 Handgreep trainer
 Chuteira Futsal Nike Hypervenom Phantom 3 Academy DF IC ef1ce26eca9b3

==

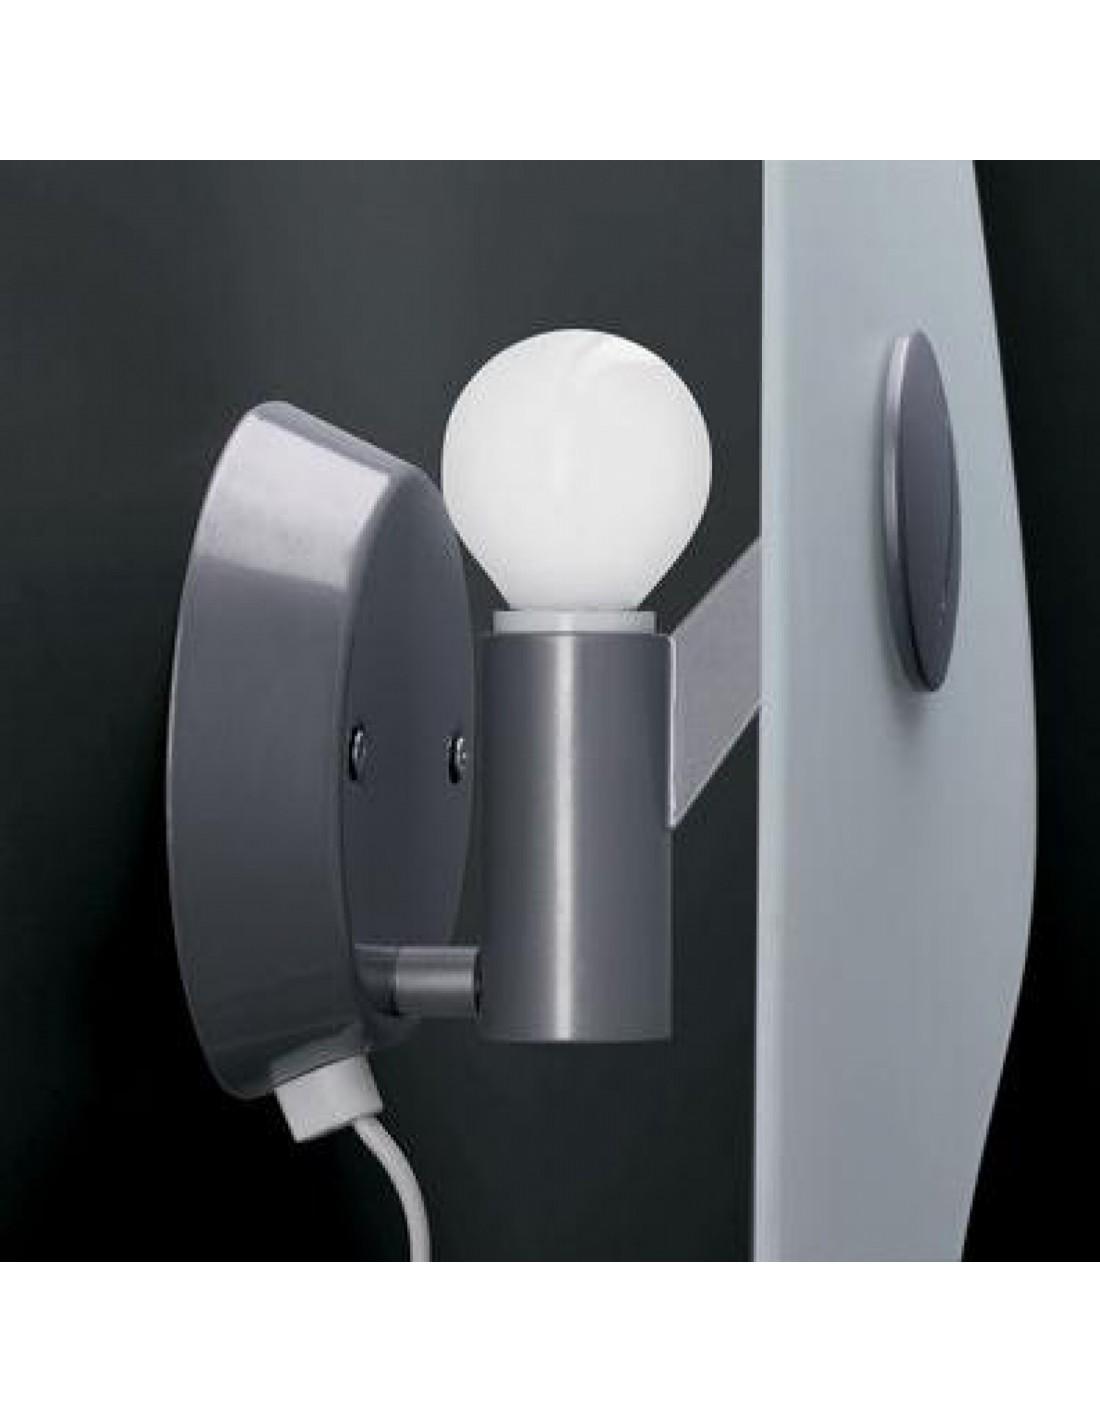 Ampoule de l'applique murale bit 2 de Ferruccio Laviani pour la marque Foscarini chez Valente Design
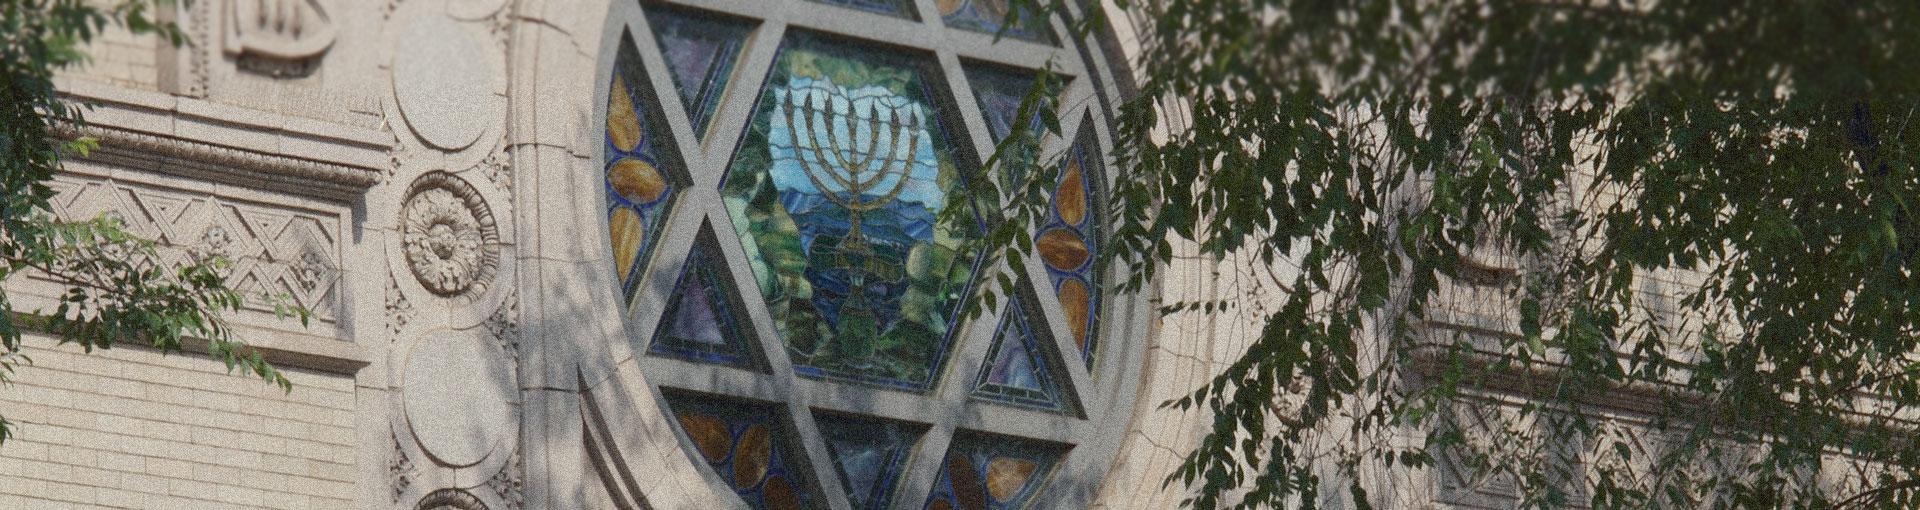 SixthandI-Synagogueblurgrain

* _Exercise_
Scan the lines above for "Handgreep trainer" and for "Chuteira Futsal Nike". Repeat exactly the line holding each of them and every line in between.

* _Written solution_
 Handgreep trainer
 Chuteira Futsal Nike Hypervenom Phantom 3 Academy DF IC ef1ce26eca9b3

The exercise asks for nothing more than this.